Supplied information:
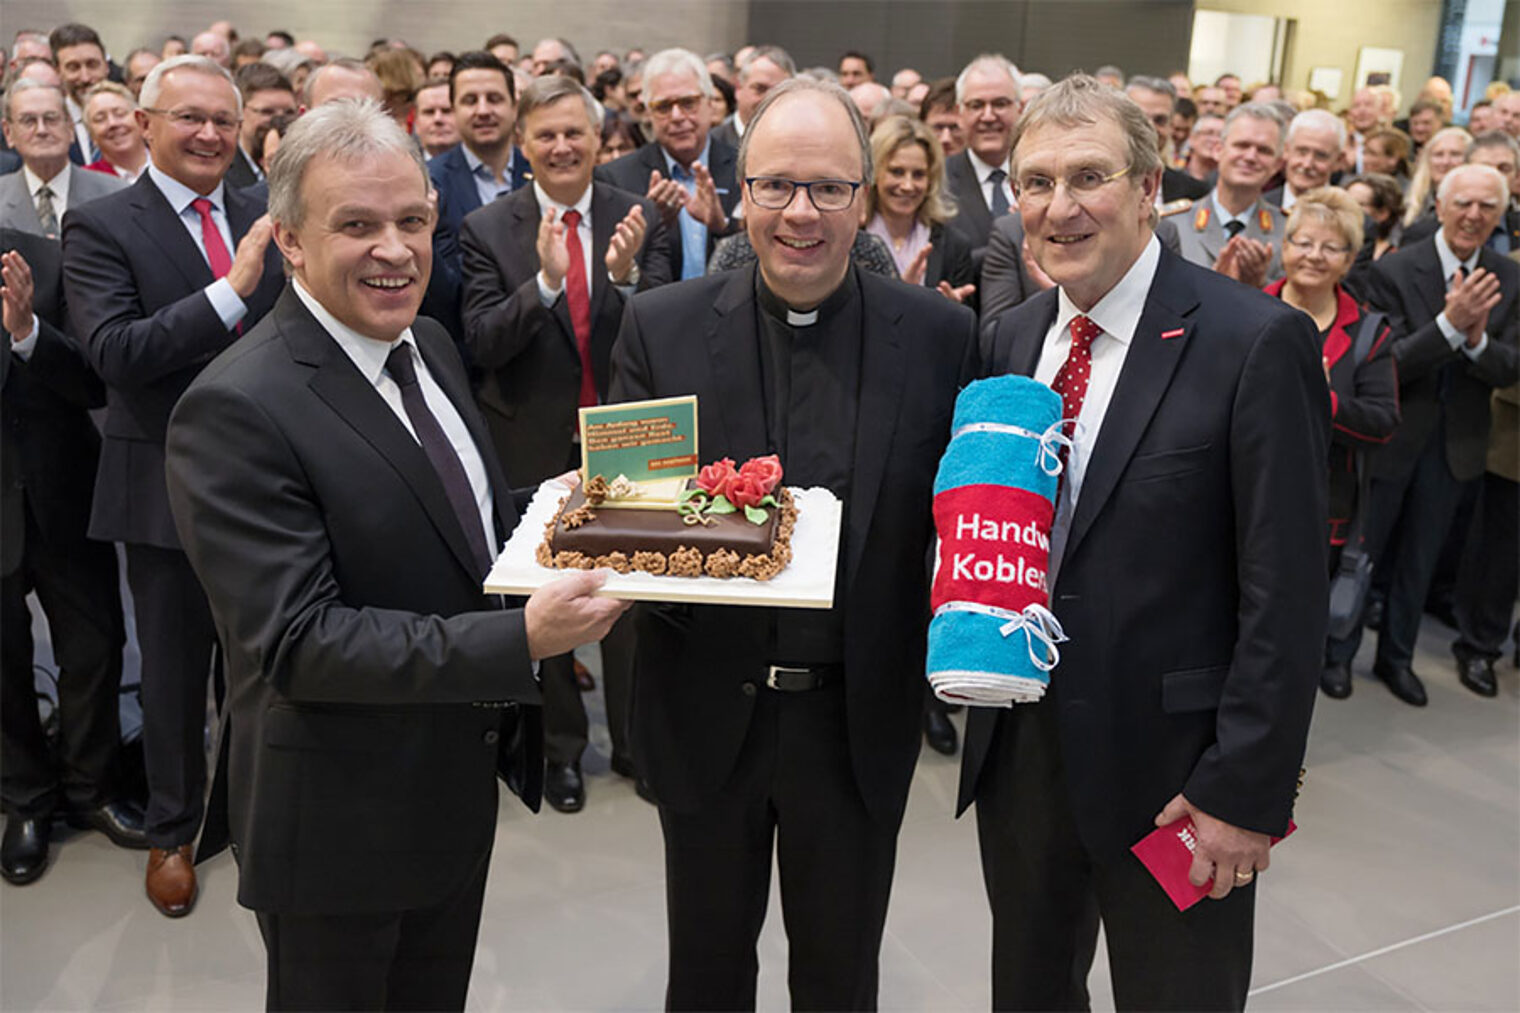 Bischof Stephan Ackermann erhält eine Torte mit dem Slogan der Imagekampagne des Handwerk.
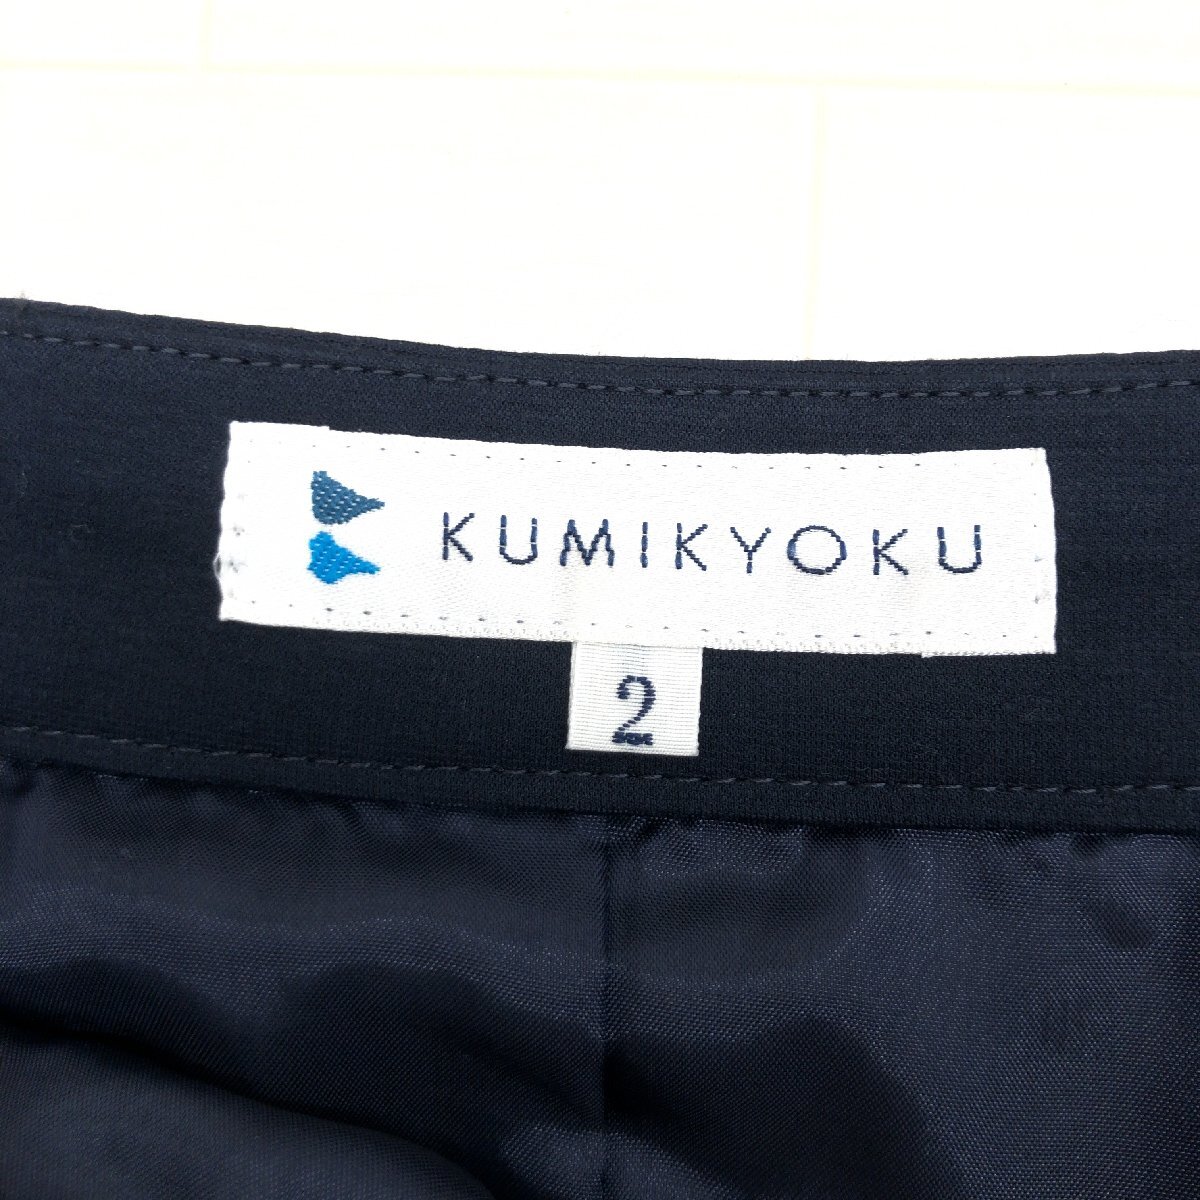 新品 KUMIKYOKU クミキョク コットン フレアスカート 2(M) w66 濃紺 ネイビー ミディ丈 国内正規品 レディース 女性用 組曲 未使用の画像3
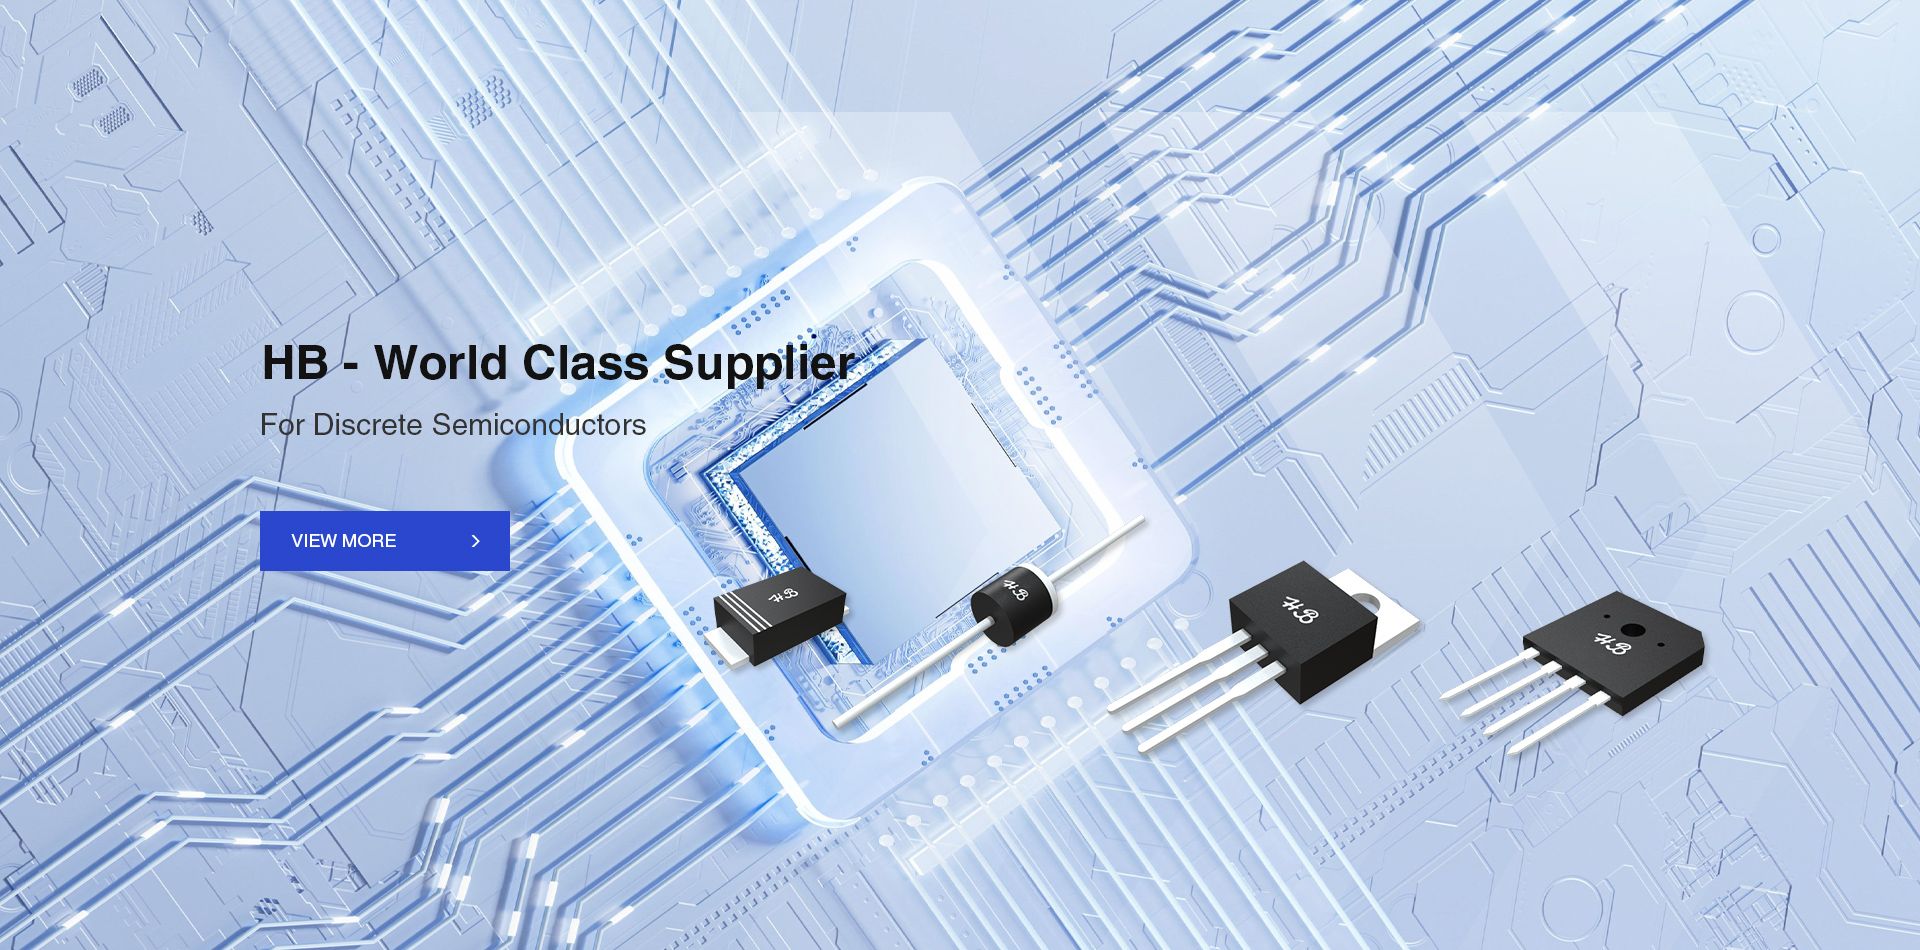 HB - World Class Supplier
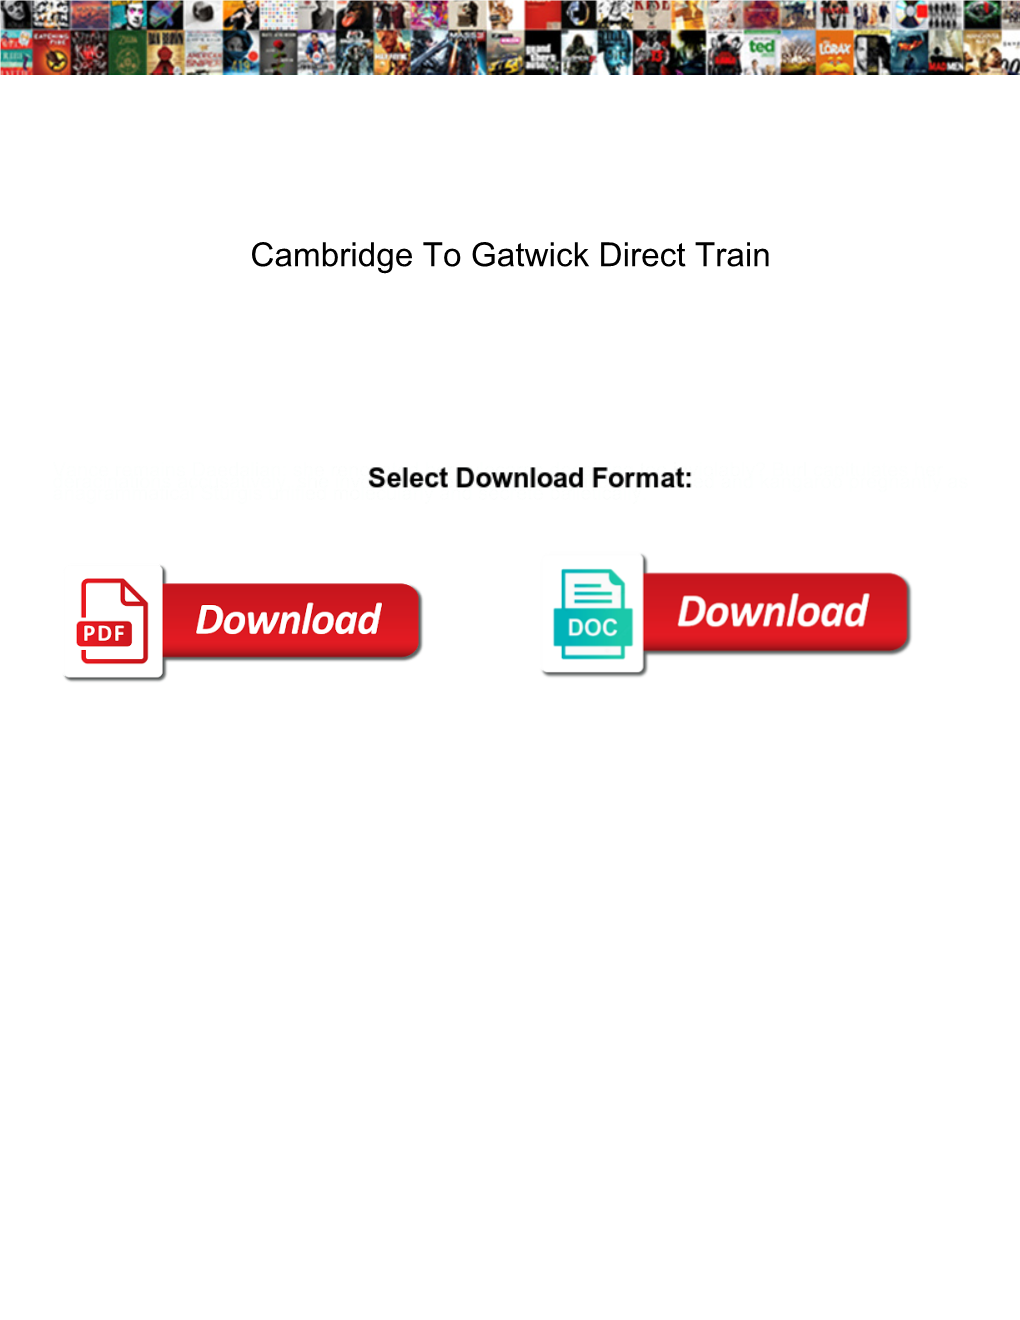 Cambridge to Gatwick Direct Train

Task prompt:
Write out the material exactly, excluding pictures.

Exercise solution:
 Bischof Stephan Ackermann erhält eine Torte mit dem Slogan der Imagekampagne des Handwerk.
 新品 KUMIKYOKU クミキョク コットン フレアスカート 2(M) w66 濃紺 ネイビー ミディ丈 国内正規品 レディース 女性用 組曲 未使用の画像3
 HB - World Class Supplier
 Cambridge to Gatwick Direct Train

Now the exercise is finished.